45 I must confess I did not find that the major witnesses filled me with a lot of confidence that their evidence was correct. This is understandable to a degree in that a long time has passed since the vital facts occurred, but this was not the whole of the answer.
46 Mick was not a very satisfactory witness at all. He gave his evidence in a fairly belligerent manner. He often insisted on adding non-responsive material to answers when he thought he was helping himself. However, when asked about details, particularly details which might have been embarrassing, his stock answer was "I don't remember". I thought there were far more "I don't know" or "I don't remember" than would be expected even though 10 to 17 years had passed.
47 Frank was also a very poor witness. At the most charitable, his affidavits were prepared without due care and attention. At worse, they were deliberately misleading. Frank denied that his affidavits were prepared without due care and attention, but this at least must be so. There are instances where Frank's material is simply wrong. The prime example is where Frank swore that he saw Mick hand Fred $6,000 in cash. That statement was radically changed in a later affidavit. Frank's explanation that he never intended to say anything about payment of $6,000 but somehow or other those words were typed in his affidavit and he overlooked them when swearing it, was not at all impressive.

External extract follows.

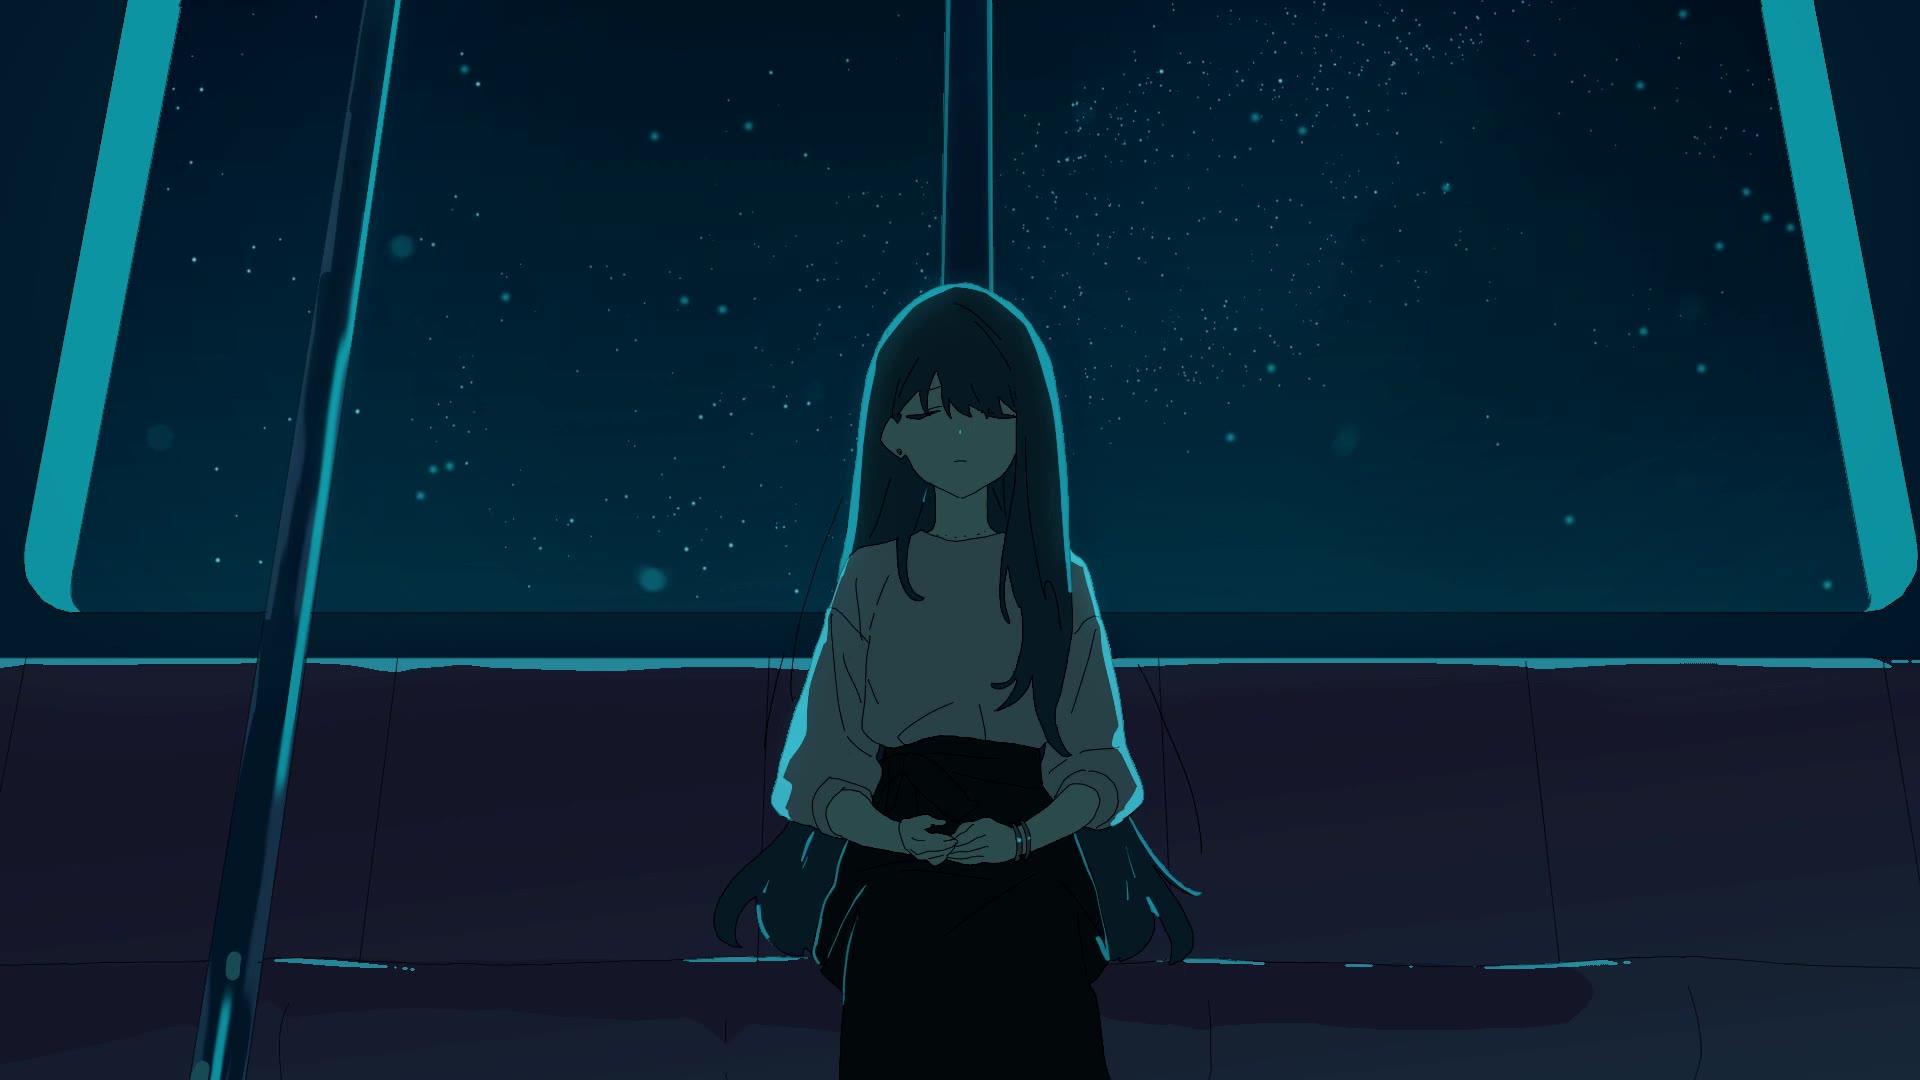 【初音ミク】「銀河の彼方に逢いにゆく。」【アニメーションMV】【沢田凛】

48 Mr West QC, however, puts that I would need to find that both Mick and Frank deliberately put their heads together to concoct the story of the $14,000 payment and that I could not reach that view. Mr West QC said that it was clear that the family functioned in the cash economy and it would not have been at all unusual to find a cash payment of this magnitude.
49 Fred disagreed that there was a cash economy amongst the family. He said he was quite surprised when the sum of $100,000 in respect of the sale of Bossley Park was handed over in cash. He said normally that cash transactions did not take place in the family.
50 There was some cross examination as to the $14,000. Mr Carnovale at T34 asked where Mick had gotten the cash, to which the answer was, from the safe at his house. Then he asked "When you gave him the cash did Fred tell you what he was going to do with it?" to which the answer was "He didn't tell me nothing". Then the question was put another way "Fred didn't ask you for cash did he?"